Laser diagnostics in Combustion: Microoptical Sensors
Microinvasive engine diagnostics
Optical diagnostics are successfully used for time-resolved, non-intrusive in-situ measurements in many fields of research. Optical methods form an essential part of modern IC engine research . For the development and optimisation of novel laser-optical diagnostics methods special transparent single-cylinder engines with a good optical access are required. The cylinder wall and piston of such a "glass engine" contain large integrated windows made of quartz glass which provide an almost unobstructed view into the combustion chamber.
For measurements under more realistic engine operating conditions in industrial research production engines are modified to enable a glimpse into the combustion chamber. These modifications (i.e. large windows for the optical access), however, are always time consuming and expensive and in some cases even influence the physical properties (e.g., heat transfer, in-cylinder flow field, compression ratio) of the examined engine. Hence, for the further development of promising concepts like direct injection with stratified load or HCCI (homogeneous charge compression ignition) and for the investigation of knocking in novel highly compressing IC engines optical measurements on engines that are not substantially modified or not changed at all (i.e. production engines) are inevitable.
In order to realize these measurements on production engines, in current research projects at the IVG together with other universities and industry partners innovative microoptical systems are developed. With these systems the necessary diagnostics can be applied on production engines with minimal invasive optical access for the first time.
The endoscopic optics have an outer diameter of less than one centimeter or are directly integrated into a fully functional spark plug. In cooperation with the ITO (Institut für Technische Optik, Universität Stuttgart) a novel, very sensitive UV endoscope  and a fiber-optic spark plug  were developed. These optics are now tested and improved in engine experiments at the IVG. For the optimization of combustion processes in DISI engines it is essential to have time resolved information about the fuel distribution close to the spark gap. Laser-induced fluorescence (LIF) based on the use of well characterized fuel tracers like toluene and 3-pentanone can deliver information about temperature, pressure and mixture composition (i.e. fuel/air-equivalence ratios) . The fiber-optic spark plug is designed to perform LIF measurements in a defined small probe volume (~2 mm³) close to the spark gap (cf. figure 1). Its ignition function is fully maintained. When constructing such a sensor, besides its optical properties, high demands on pressure- and temperature resistance have to be met. In recent experiments with the spark-plug sensor fuel LIF was measured in a commercial IC engine and temperature and fuel/air ratios were measured in a heatable flow setup in the lab.
Figure 1: Draft of fiber-optic spark plug.
Figure 2: Hybrid UV endoscope and its application on a four-cylinder production engine.

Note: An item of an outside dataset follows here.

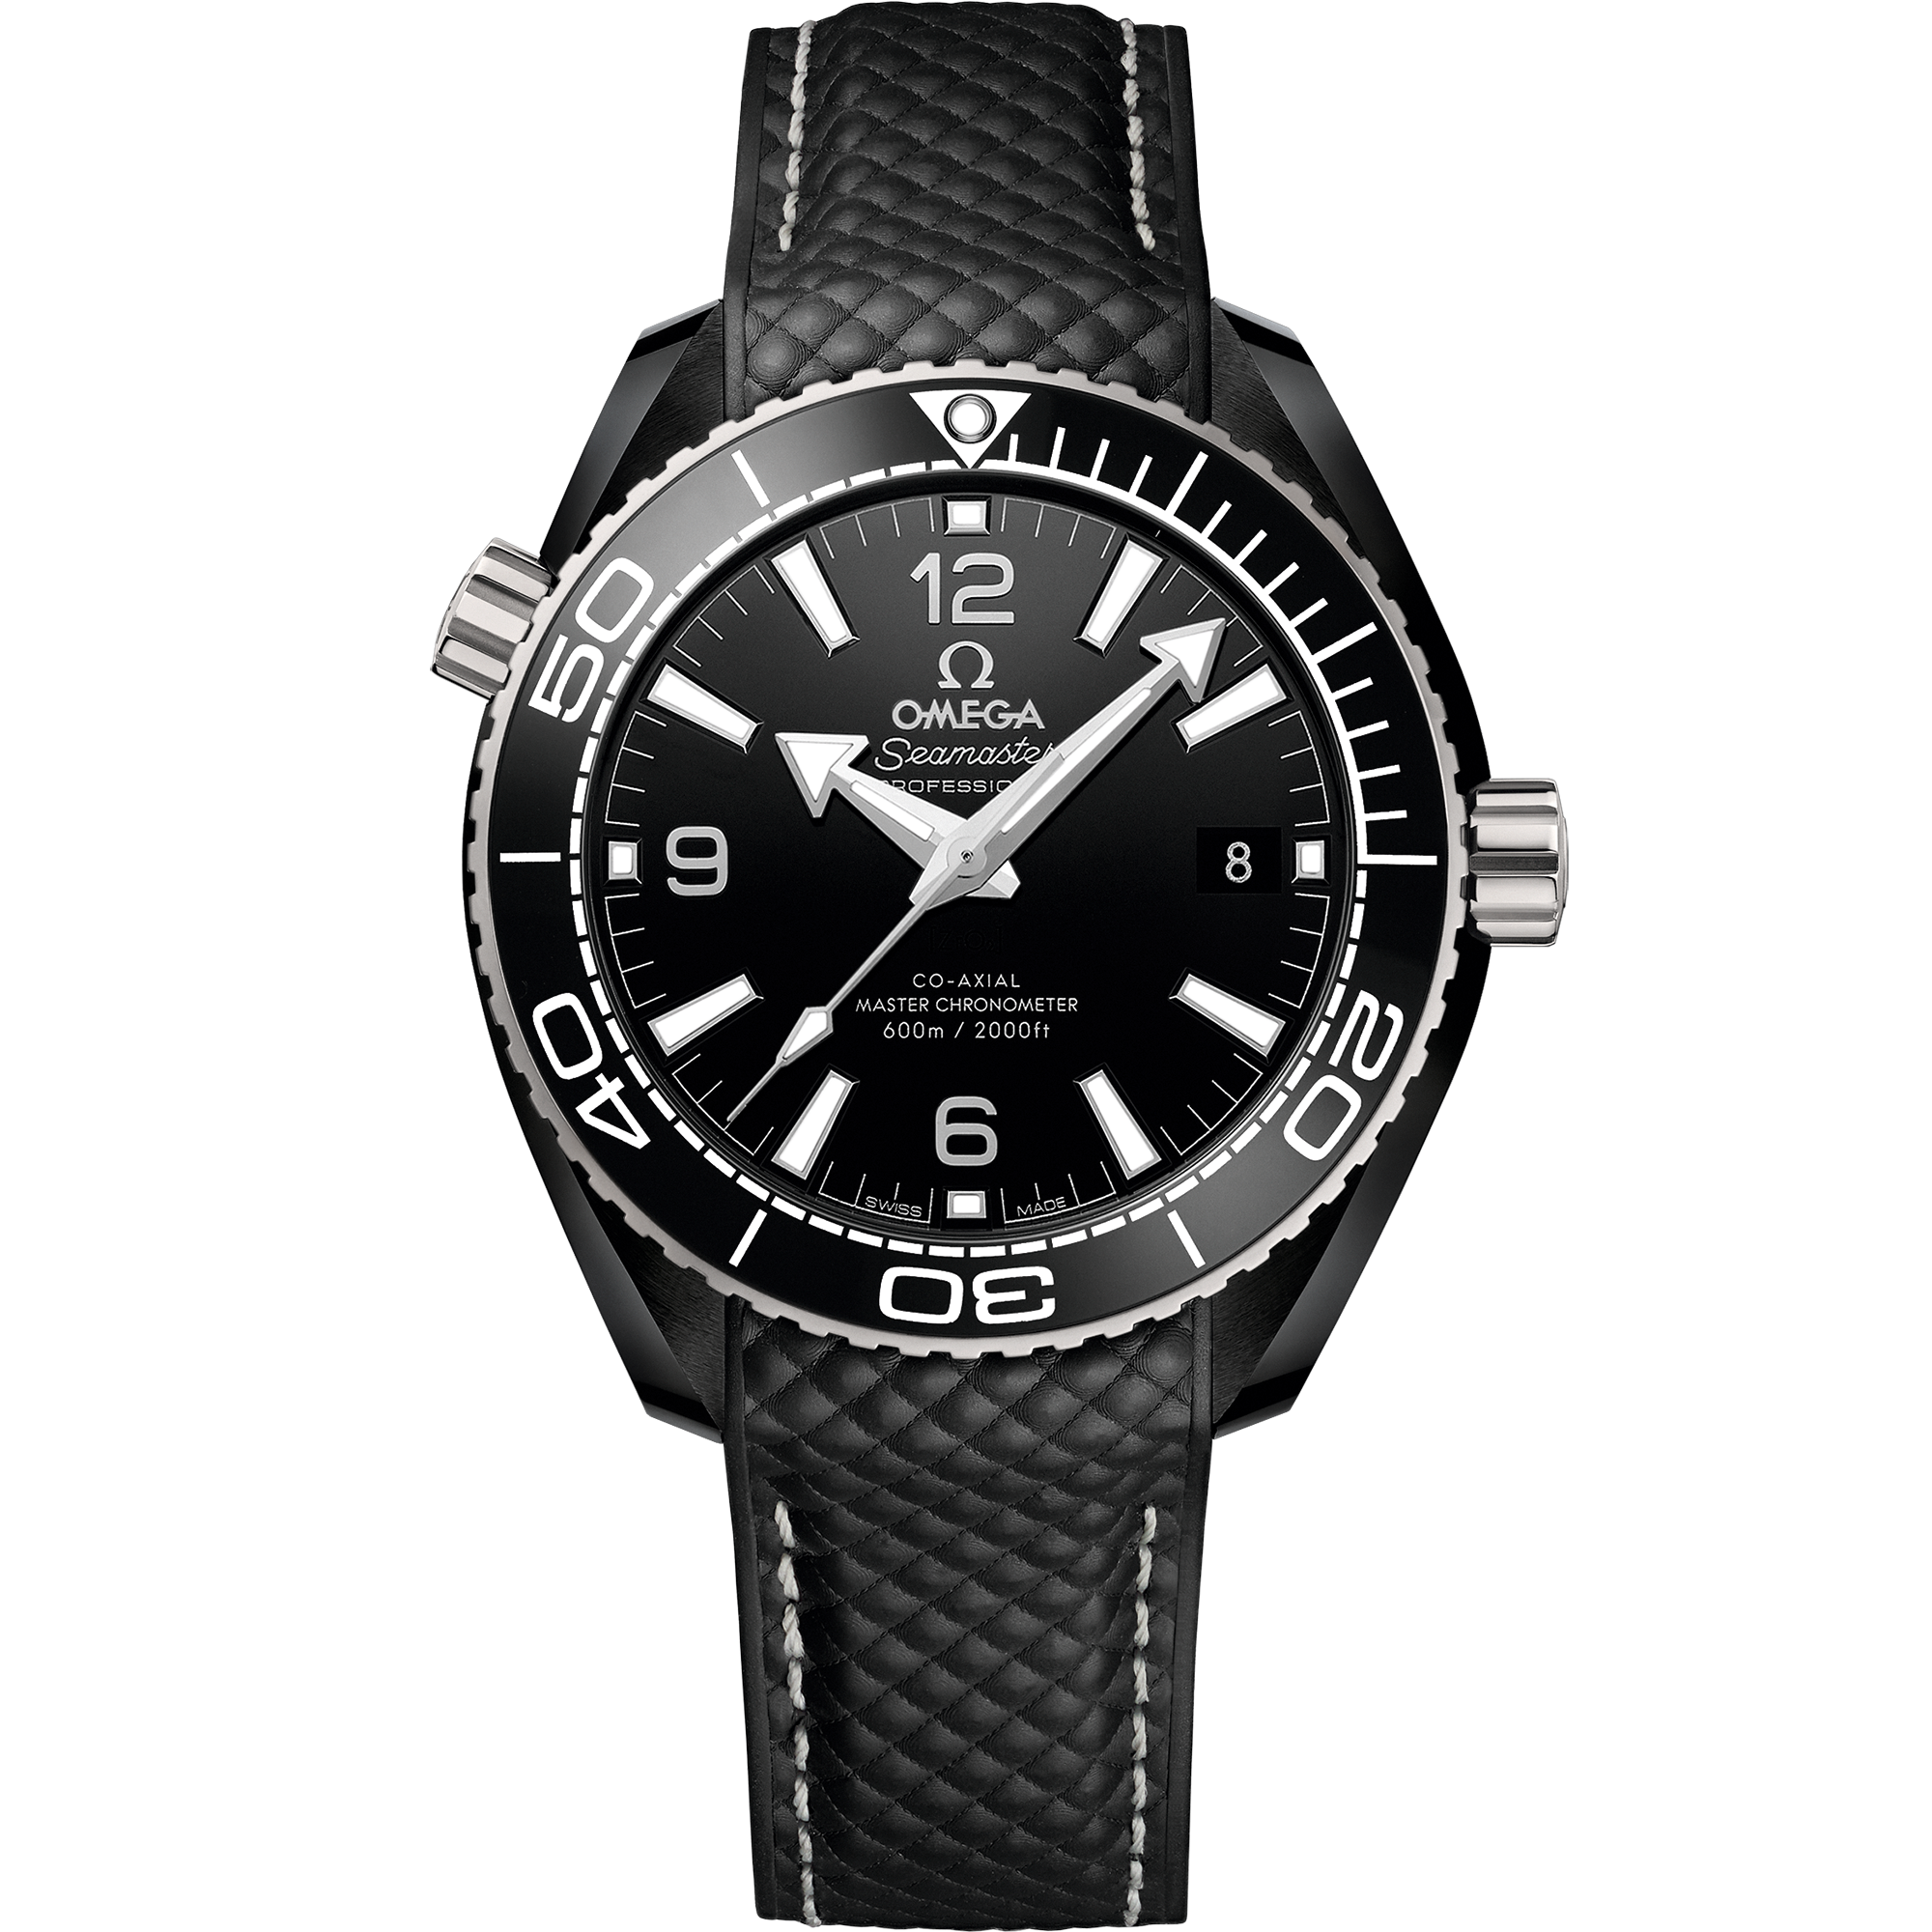 Seamaster 39.5 มม., เซรามิกสีดำ บน สายนาฬิกายาง - 215.92.40.20.01.001

The novel hybrid microoptical system, consisting of a UV endoscope and two microoptics for the generation of lightsheets or illumination patterns, was realized for the two-dimensional observation of processes in cavities with limited optical access. It is denoted "hybrid" because of the combination of refractive and diffractive optical elements. The diffractive elements are employed to define the specific excitation beam shaping and they help to reduce aberrations in the imaging system. The design of the endoscope comprises a small light weight front endoscope that is chromatically uncorrected and hybrid relay elements for the correction of spatial and chromatic aberrations. By means of two relay elements, two spectral detection ranges are defined and optimized for the imaging of toluene-LIF (275 - 350 nm) and 3-pentanone-LIF (380 - 440 nm) signals (cf. Figure 4). Different spectral detection regions can be selected by changing the respective relay element. Its modular design makes the endoscope flexible for use with different filter combinations and enables multiple camera experiments with only one "keyhole" access into the examined object. The separation of front endoscope (in the engine) and relay optics and camera (on fixed positions in the lab) is especially important for engine experiments. That way the engine movement can not harm the sensitive optics and cameras.
Under application-relevant conditions, the new hybrid UV endoscope proved to be about an order of magnitude more light efficient than a commercial UV endoscope and showed a better spatial resolution over a broadband spectral detection range. Even in comparison to a regular 105 mm UV lens with the same paraxial object magnification the hybrid UV endoscope gathers more light (i.e. a factor of 1.3 at 300 nm and about twice the amount of light over a broader spectral detection range up to 440 nm).
Figure 3: Photos of hybrid endoscope. Top and left: Endoscope with field lens, bottom: Relay optics with diffractive optical element (DOE).
Figure 4: Draft of an experimental setup for the simultaneous imaging of two separate spectral regions through one "key hole".